In the listing below, print exactly the lines from the first through the one that contains "Actress Charlize Theron".

■ Given information:
*****

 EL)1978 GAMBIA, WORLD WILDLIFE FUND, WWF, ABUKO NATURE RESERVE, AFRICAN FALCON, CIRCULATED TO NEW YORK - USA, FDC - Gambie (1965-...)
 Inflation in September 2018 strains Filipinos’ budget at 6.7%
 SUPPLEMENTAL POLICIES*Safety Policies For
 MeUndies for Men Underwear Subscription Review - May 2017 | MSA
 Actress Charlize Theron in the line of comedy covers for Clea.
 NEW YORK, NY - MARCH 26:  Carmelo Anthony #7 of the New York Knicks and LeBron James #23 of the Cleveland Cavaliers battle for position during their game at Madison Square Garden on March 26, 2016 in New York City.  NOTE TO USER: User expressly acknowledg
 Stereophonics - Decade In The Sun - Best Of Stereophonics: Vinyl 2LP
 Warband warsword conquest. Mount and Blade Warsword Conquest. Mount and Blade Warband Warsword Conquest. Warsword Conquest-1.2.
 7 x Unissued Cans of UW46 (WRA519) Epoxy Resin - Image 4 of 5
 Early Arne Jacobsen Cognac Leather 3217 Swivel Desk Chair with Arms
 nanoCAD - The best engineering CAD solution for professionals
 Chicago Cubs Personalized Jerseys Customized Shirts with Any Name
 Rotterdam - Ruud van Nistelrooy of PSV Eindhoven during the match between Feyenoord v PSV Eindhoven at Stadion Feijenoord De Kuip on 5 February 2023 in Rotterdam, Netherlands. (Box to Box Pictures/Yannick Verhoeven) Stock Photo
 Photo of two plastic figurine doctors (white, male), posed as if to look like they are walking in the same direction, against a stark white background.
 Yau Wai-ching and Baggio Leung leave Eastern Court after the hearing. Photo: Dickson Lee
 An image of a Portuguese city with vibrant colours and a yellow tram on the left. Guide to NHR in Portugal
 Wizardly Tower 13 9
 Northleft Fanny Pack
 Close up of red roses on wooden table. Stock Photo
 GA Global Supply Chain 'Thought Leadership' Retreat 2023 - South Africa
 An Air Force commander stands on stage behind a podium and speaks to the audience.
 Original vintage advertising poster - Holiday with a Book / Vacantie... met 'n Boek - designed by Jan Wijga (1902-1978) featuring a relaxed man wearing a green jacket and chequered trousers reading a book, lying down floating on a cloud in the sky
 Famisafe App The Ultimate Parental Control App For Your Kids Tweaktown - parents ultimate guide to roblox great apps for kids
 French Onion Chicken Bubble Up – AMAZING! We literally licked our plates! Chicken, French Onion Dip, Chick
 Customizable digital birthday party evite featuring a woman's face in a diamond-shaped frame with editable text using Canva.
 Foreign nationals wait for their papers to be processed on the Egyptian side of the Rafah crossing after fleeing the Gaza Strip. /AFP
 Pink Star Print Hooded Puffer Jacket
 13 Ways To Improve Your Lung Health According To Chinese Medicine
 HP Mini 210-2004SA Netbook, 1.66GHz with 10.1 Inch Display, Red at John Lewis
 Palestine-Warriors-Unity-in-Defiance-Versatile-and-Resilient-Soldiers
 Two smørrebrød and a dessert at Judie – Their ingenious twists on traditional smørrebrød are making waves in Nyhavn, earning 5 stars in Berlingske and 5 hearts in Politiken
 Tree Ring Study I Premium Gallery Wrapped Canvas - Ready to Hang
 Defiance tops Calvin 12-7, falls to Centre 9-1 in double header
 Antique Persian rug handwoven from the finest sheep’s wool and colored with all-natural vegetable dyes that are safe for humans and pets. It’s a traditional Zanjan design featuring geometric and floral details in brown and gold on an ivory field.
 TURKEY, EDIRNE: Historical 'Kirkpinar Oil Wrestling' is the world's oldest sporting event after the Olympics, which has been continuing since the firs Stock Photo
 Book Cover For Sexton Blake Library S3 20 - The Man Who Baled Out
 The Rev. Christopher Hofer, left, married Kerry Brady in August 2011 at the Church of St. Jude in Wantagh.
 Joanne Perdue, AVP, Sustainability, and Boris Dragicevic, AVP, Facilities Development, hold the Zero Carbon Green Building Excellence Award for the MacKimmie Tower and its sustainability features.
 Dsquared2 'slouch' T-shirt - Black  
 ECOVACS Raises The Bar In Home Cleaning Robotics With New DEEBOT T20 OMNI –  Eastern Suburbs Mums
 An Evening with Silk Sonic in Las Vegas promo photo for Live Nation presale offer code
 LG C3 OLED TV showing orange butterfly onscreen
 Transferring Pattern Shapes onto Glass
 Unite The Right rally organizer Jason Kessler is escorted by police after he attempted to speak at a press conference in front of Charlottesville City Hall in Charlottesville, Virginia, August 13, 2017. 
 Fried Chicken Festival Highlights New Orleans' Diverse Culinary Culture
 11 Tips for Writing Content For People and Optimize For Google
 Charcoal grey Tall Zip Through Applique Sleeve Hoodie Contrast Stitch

*****

■ Solution for this exercise:
 EL)1978 GAMBIA, WORLD WILDLIFE FUND, WWF, ABUKO NATURE RESERVE, AFRICAN FALCON, CIRCULATED TO NEW YORK - USA, FDC - Gambie (1965-...)
 Inflation in September 2018 strains Filipinos’ budget at 6.7%
 SUPPLEMENTAL POLICIES*Safety Policies For
 MeUndies for Men Underwear Subscription Review - May 2017 | MSA
 Actress Charlize Theron in the line of comedy covers for Clea.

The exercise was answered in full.